• **What needs to be done**:
The lines to transcribe begin with the one containing "Sword Art Online Hollow Sensual 2 15" and end with the last line below; reproduce them exactly, without the pictures.

• **Raw data**:
╭──
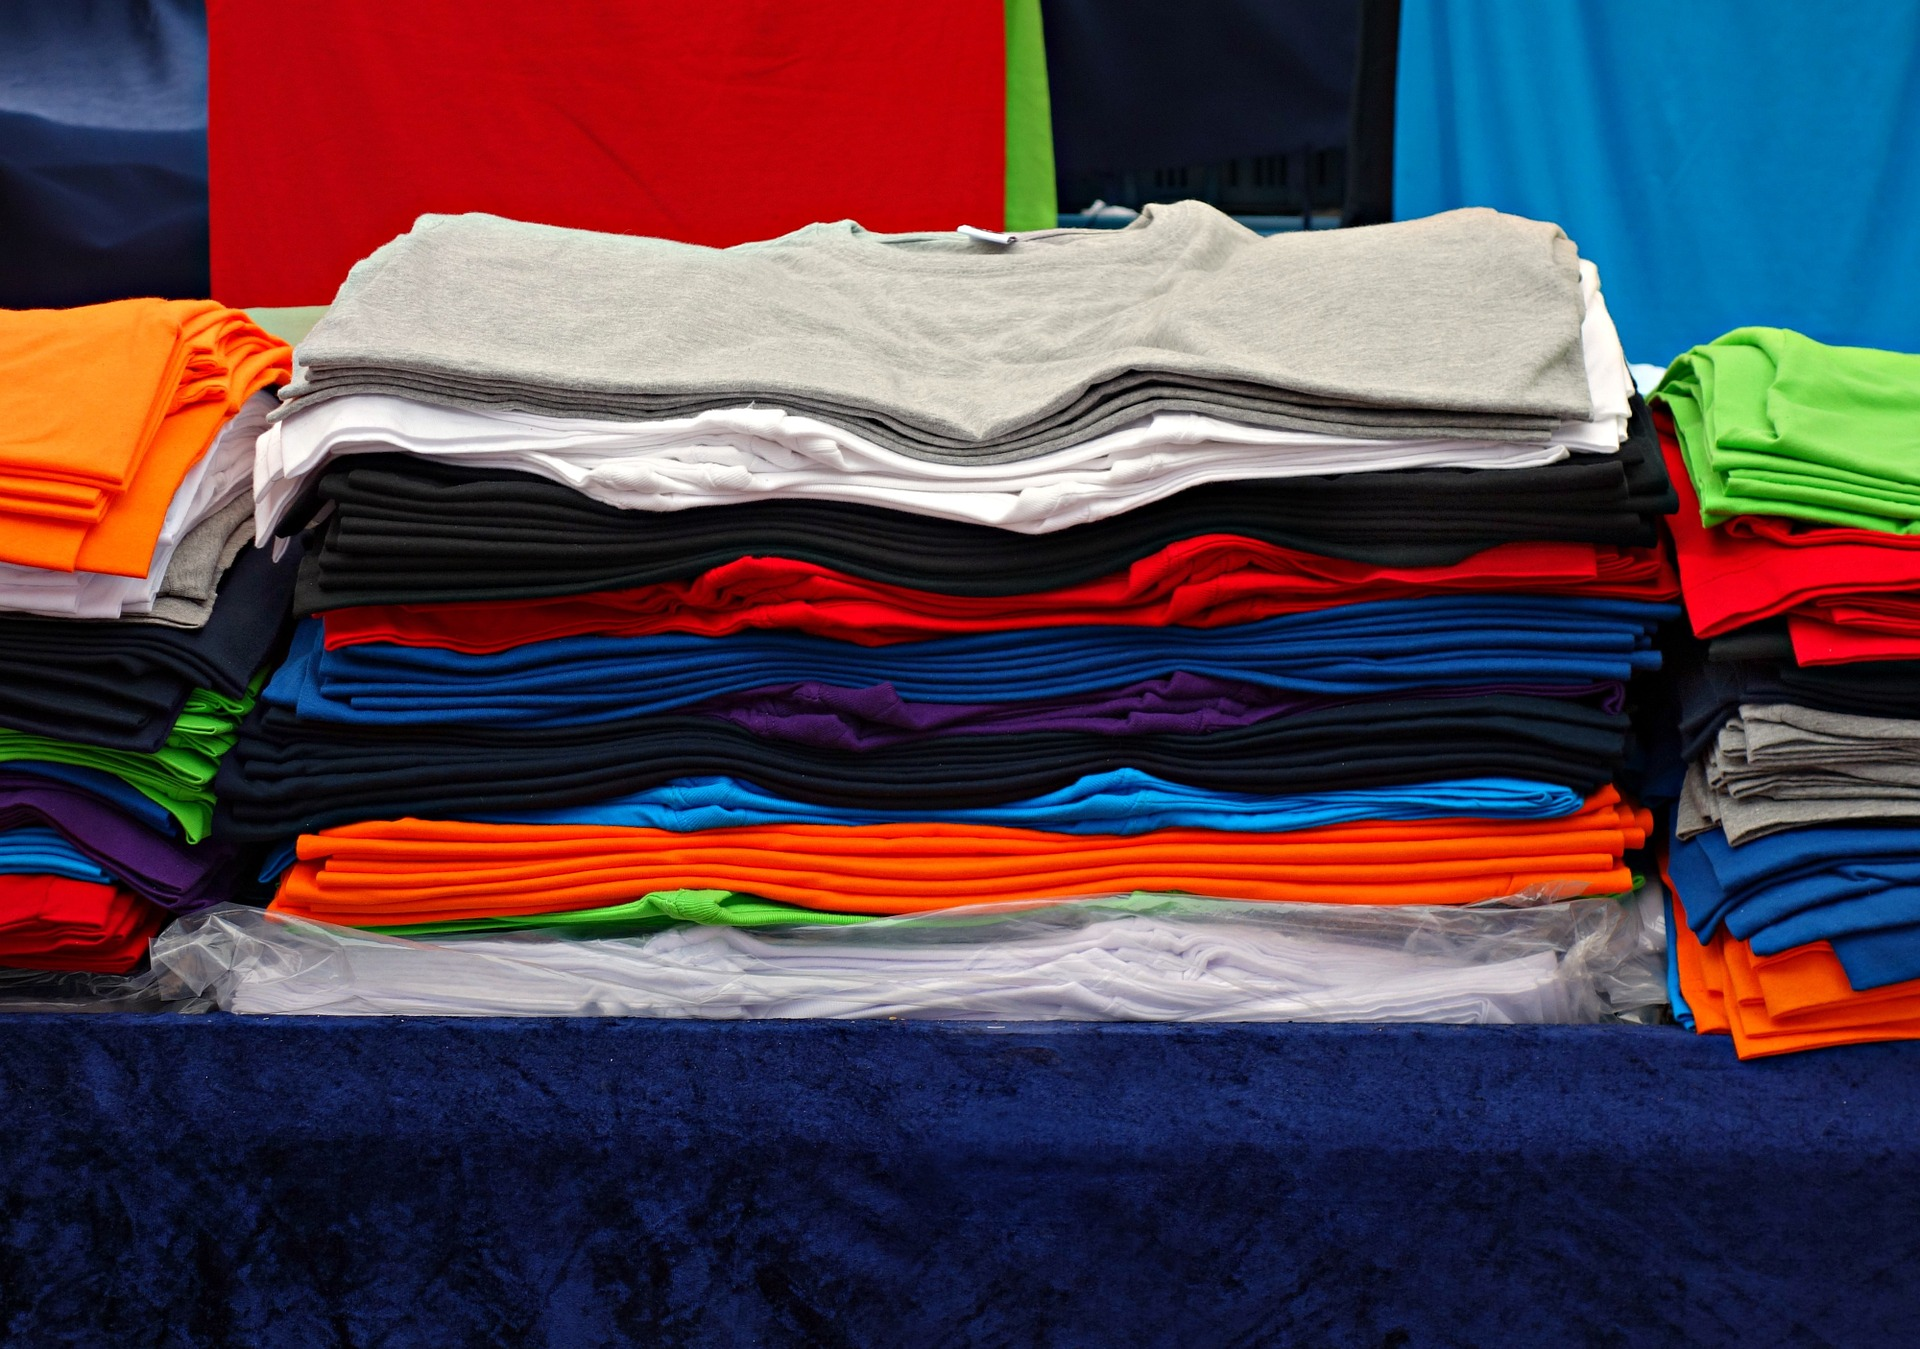 Ideas for Company T-Shirts
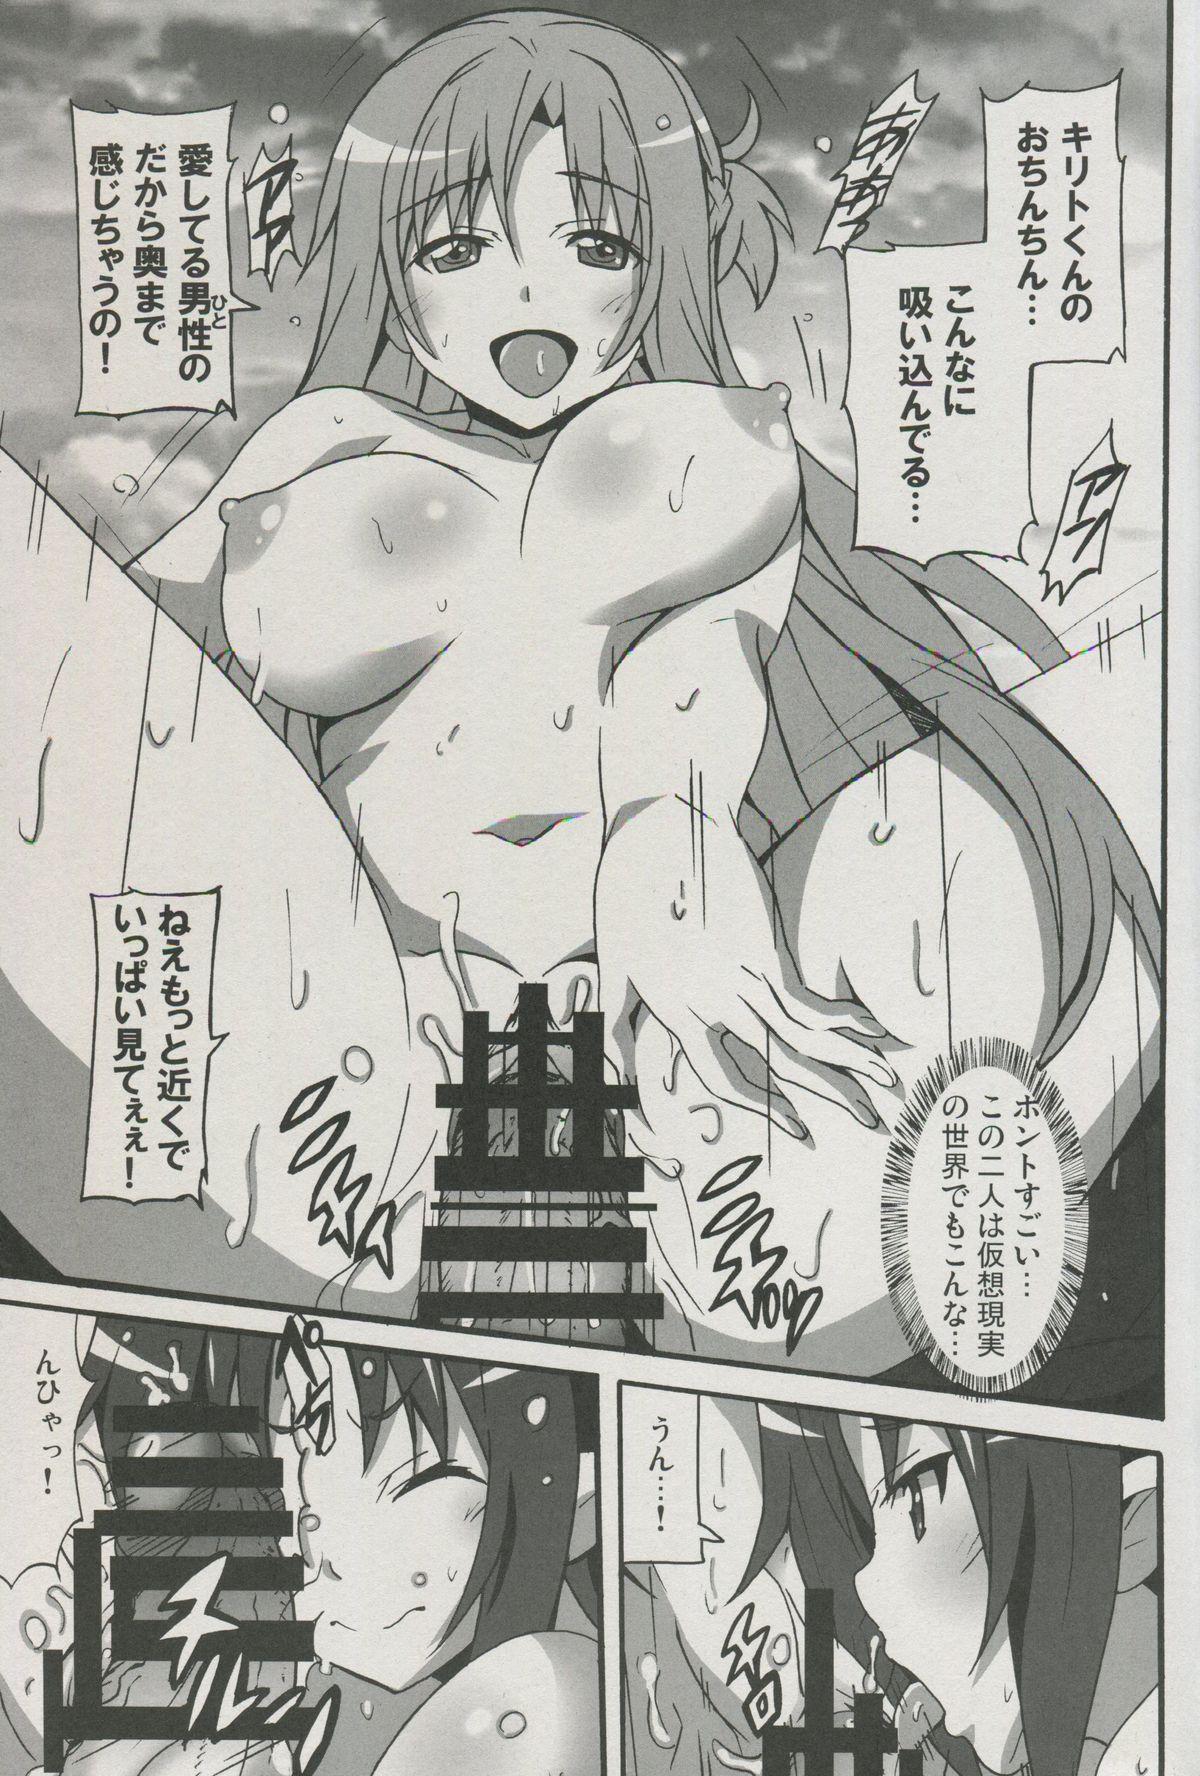 Sword Art Online Hollow Sensual 2 15
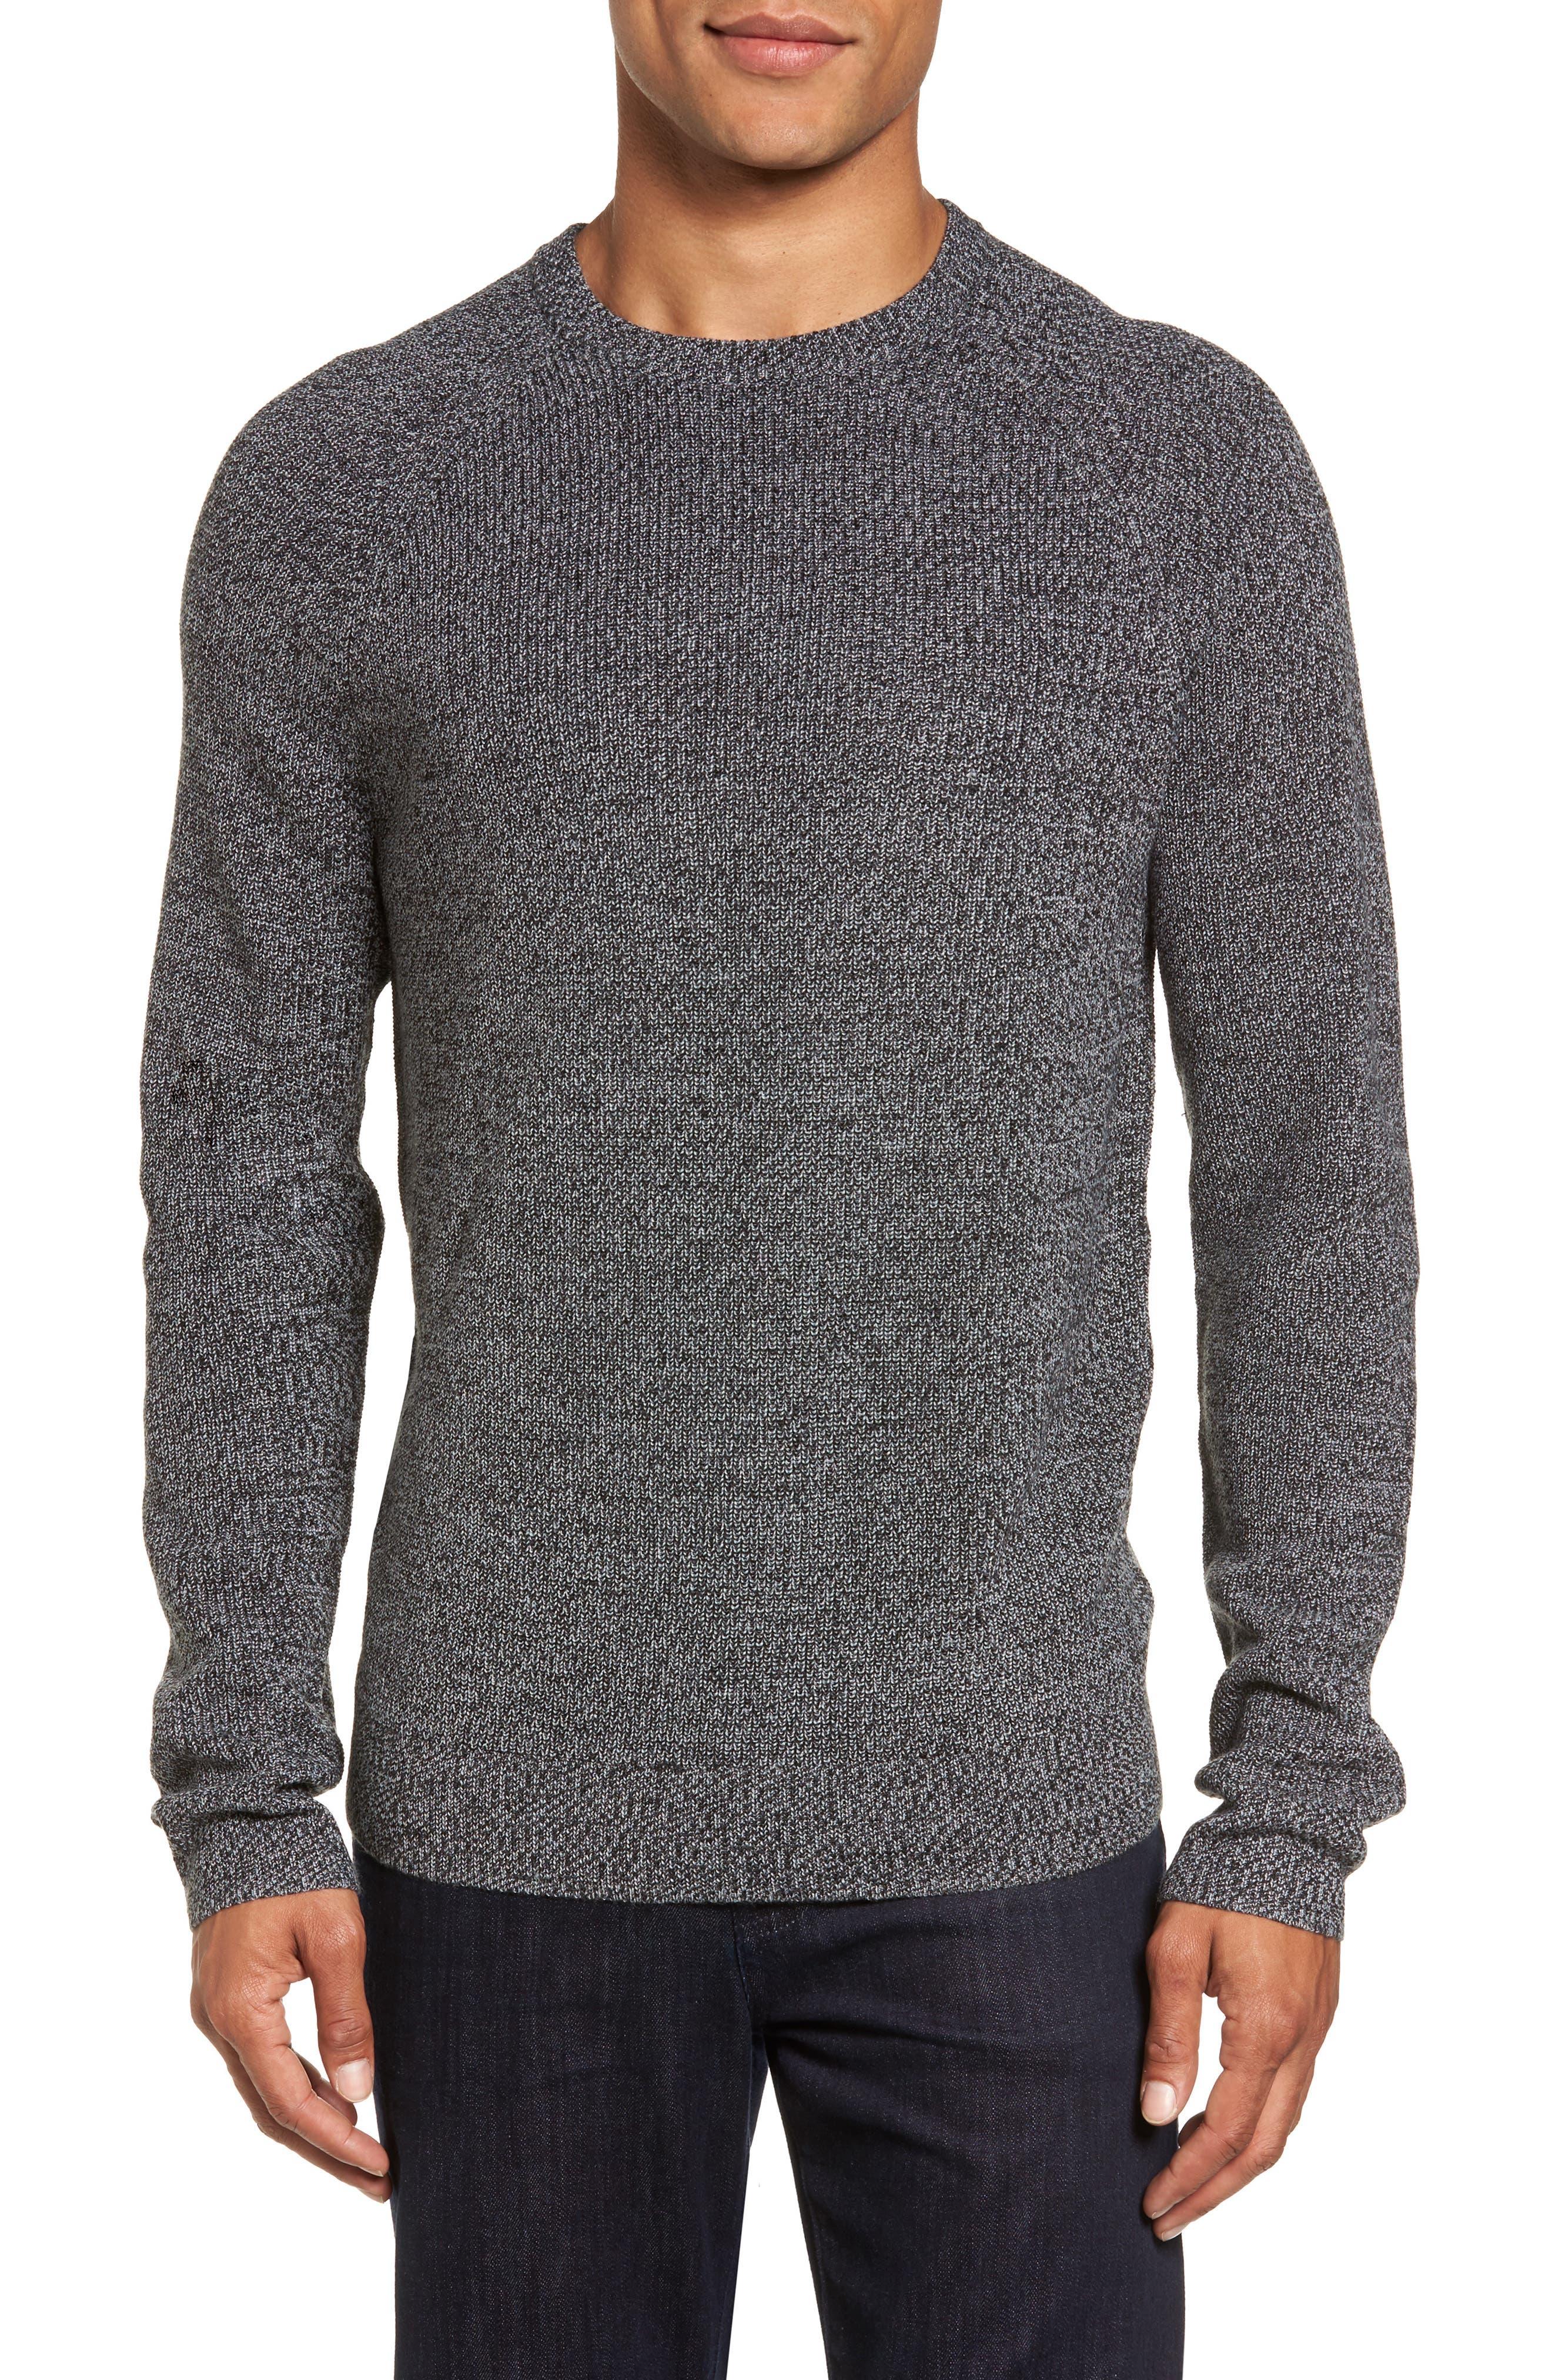 Main Image - Nordstrom Men's Shop Textured Merino Wool Blend Sweater
╰──
• **Result of this task**:
 Sword Art Online Hollow Sensual 2 15
 Main Image - Nordstrom Men's Shop Textured Merino Wool Blend Sweater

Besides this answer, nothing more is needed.